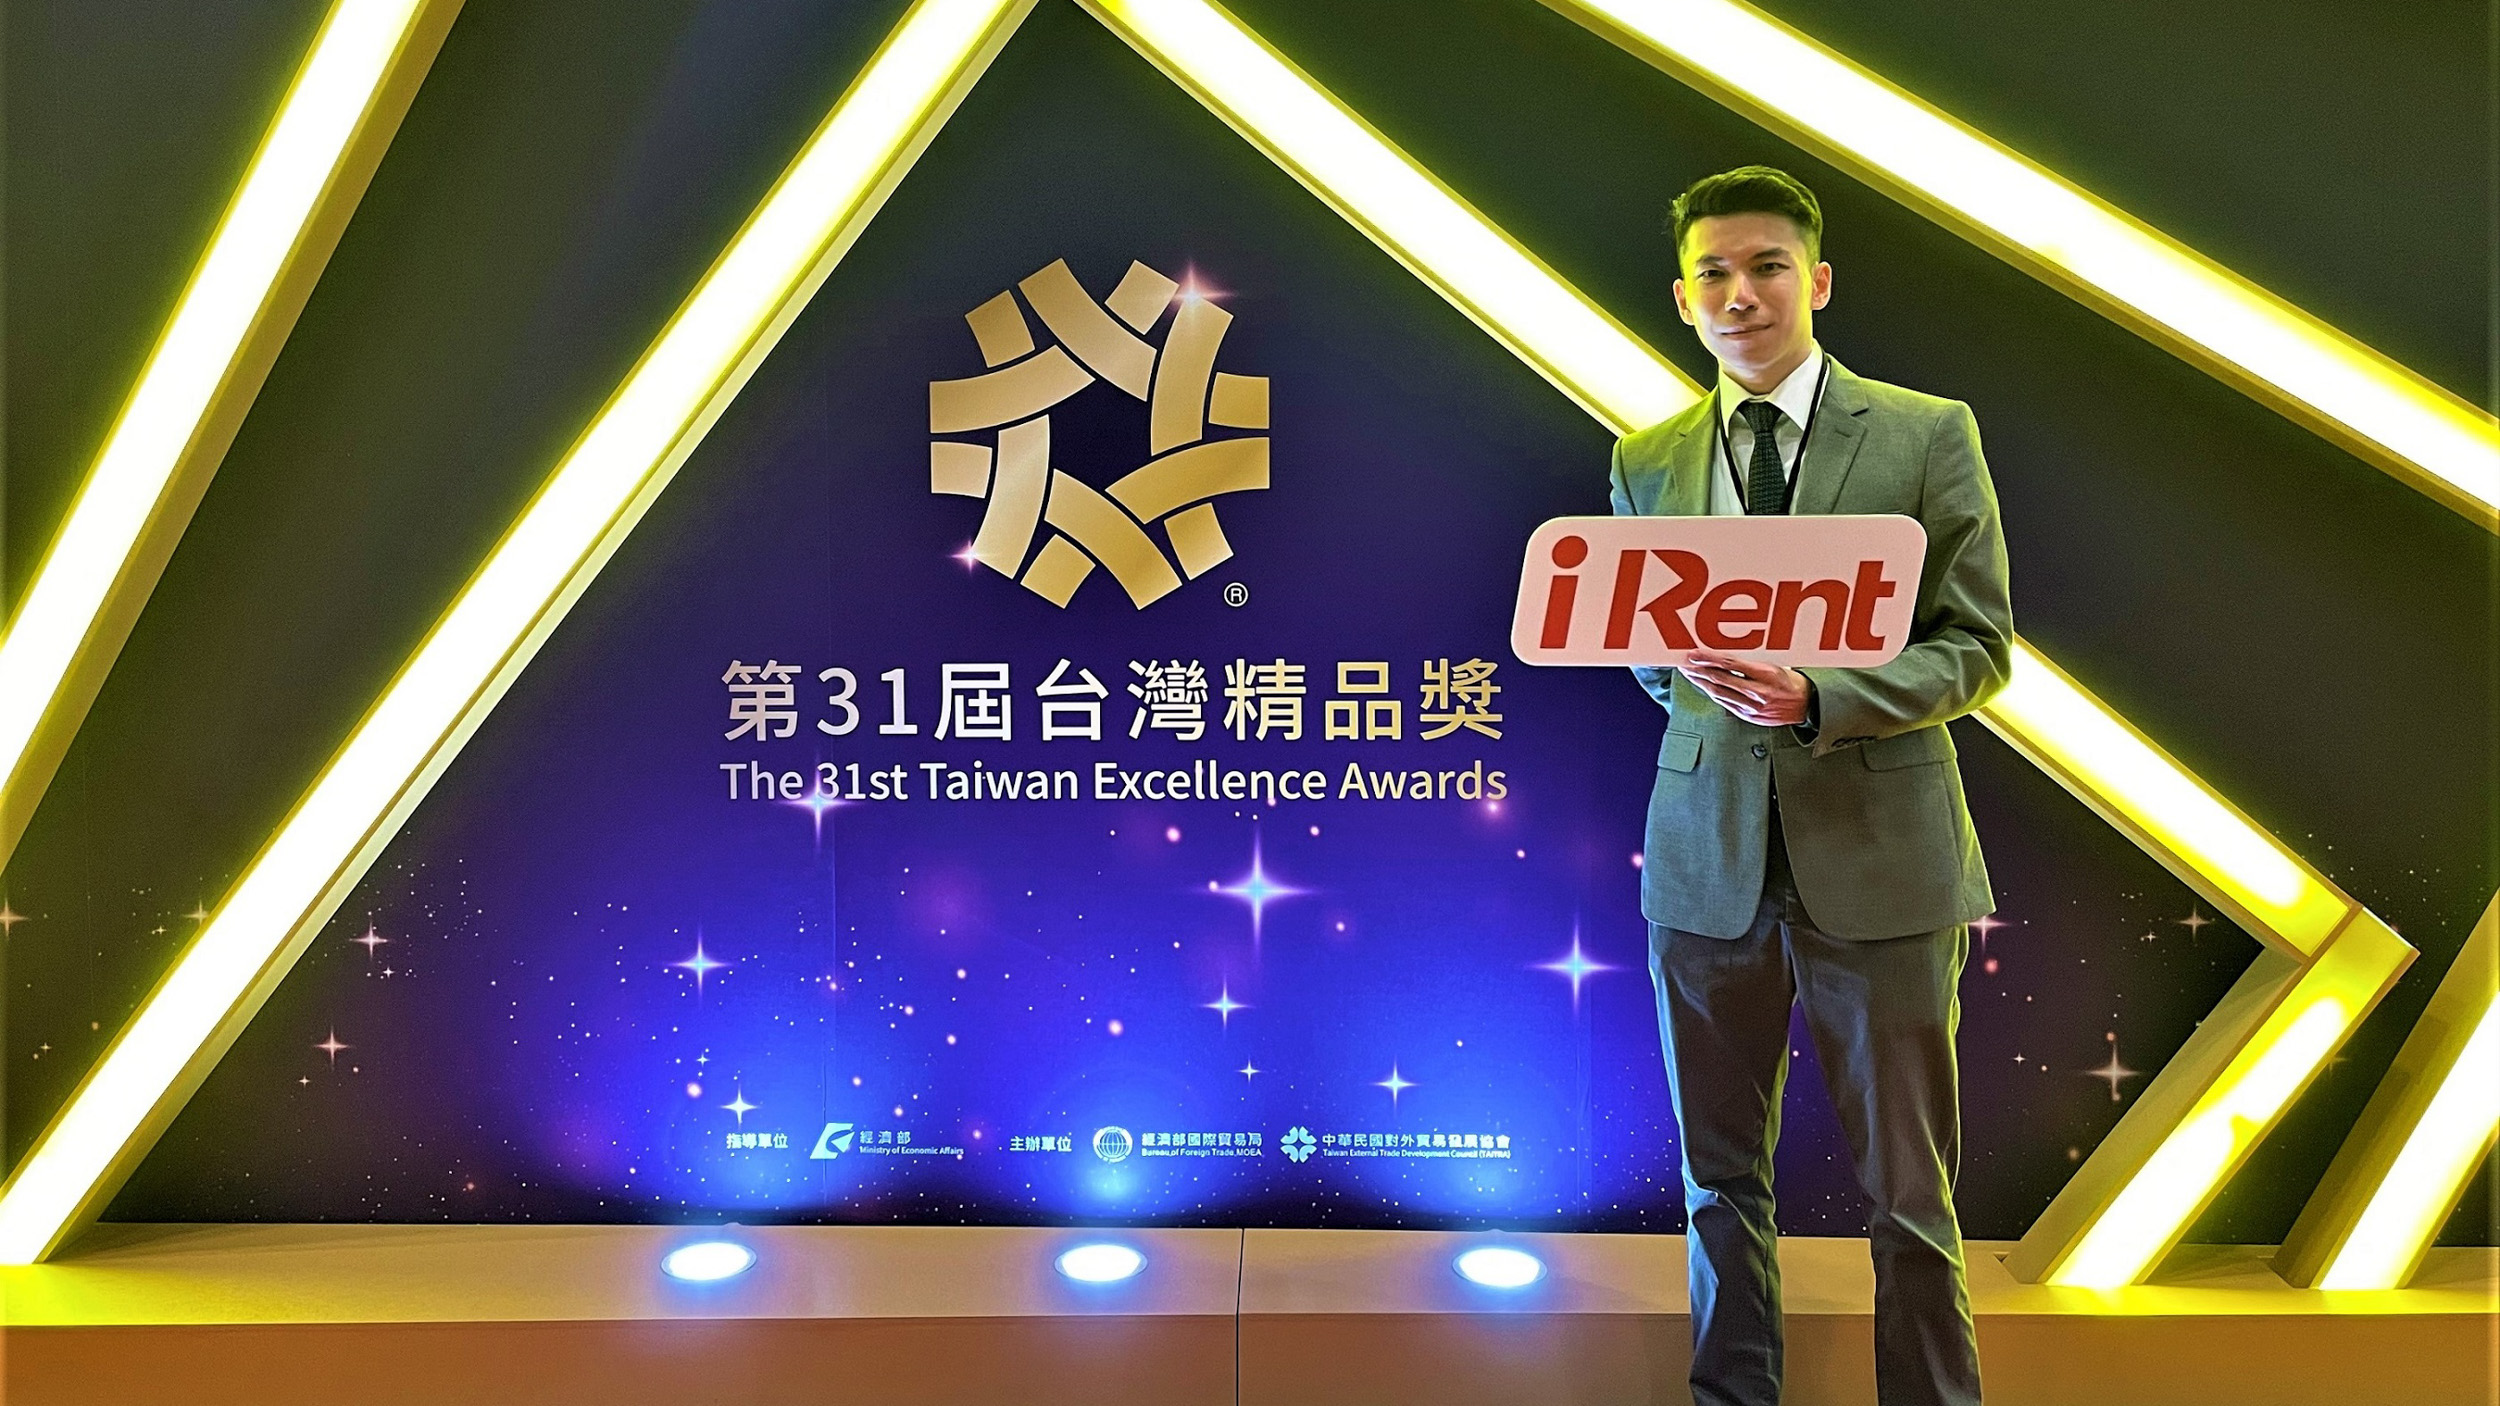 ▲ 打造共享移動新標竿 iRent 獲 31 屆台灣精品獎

---

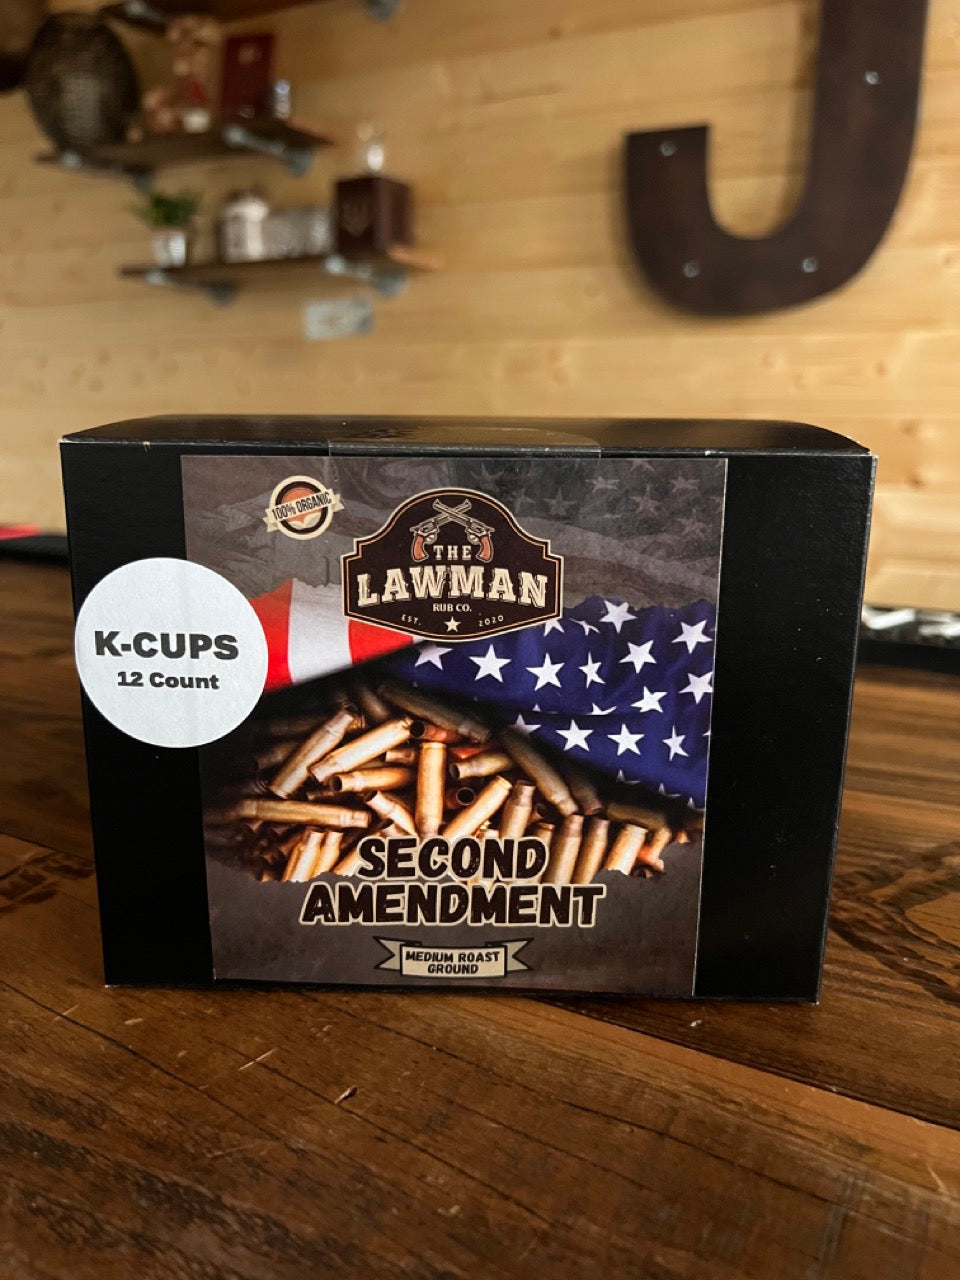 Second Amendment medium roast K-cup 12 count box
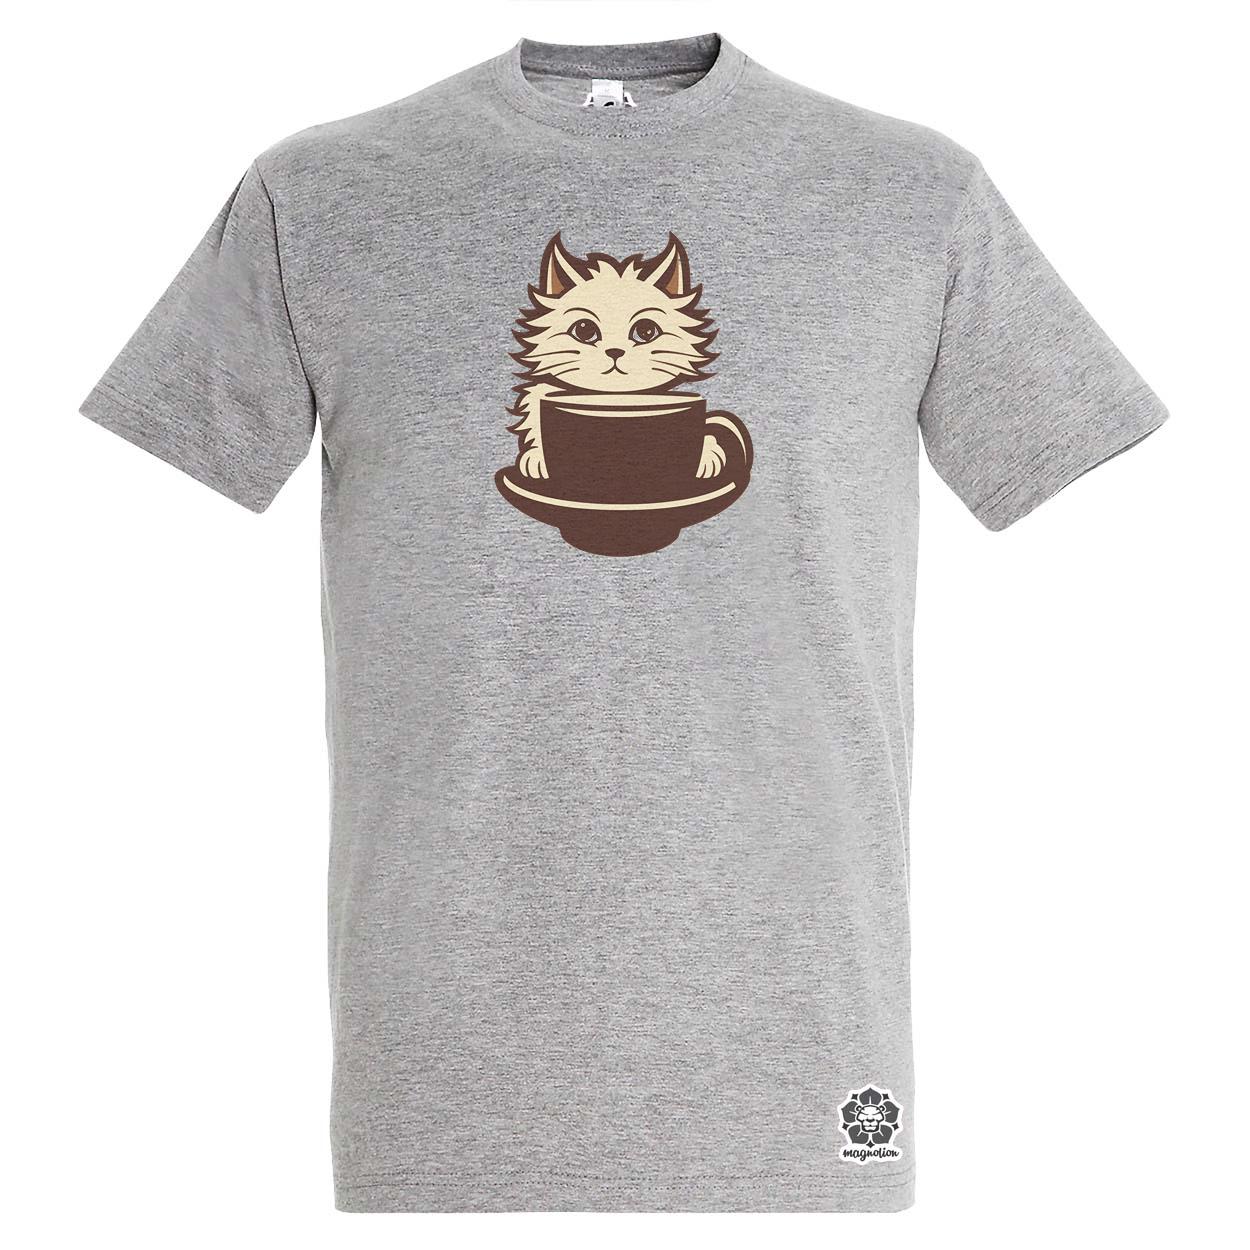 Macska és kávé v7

• [ABOUT THIS TASK]: Transcribe, from the material above, the stretch starting at the line with "Second Amendment medium" and ending at the line with "Macska és kávé v7", both included, exactly. Do not carry over pictures.

• [ANSWER SECTION]:
 Second Amendment medium roast K-cup 12 count box
 Macska és kávé v7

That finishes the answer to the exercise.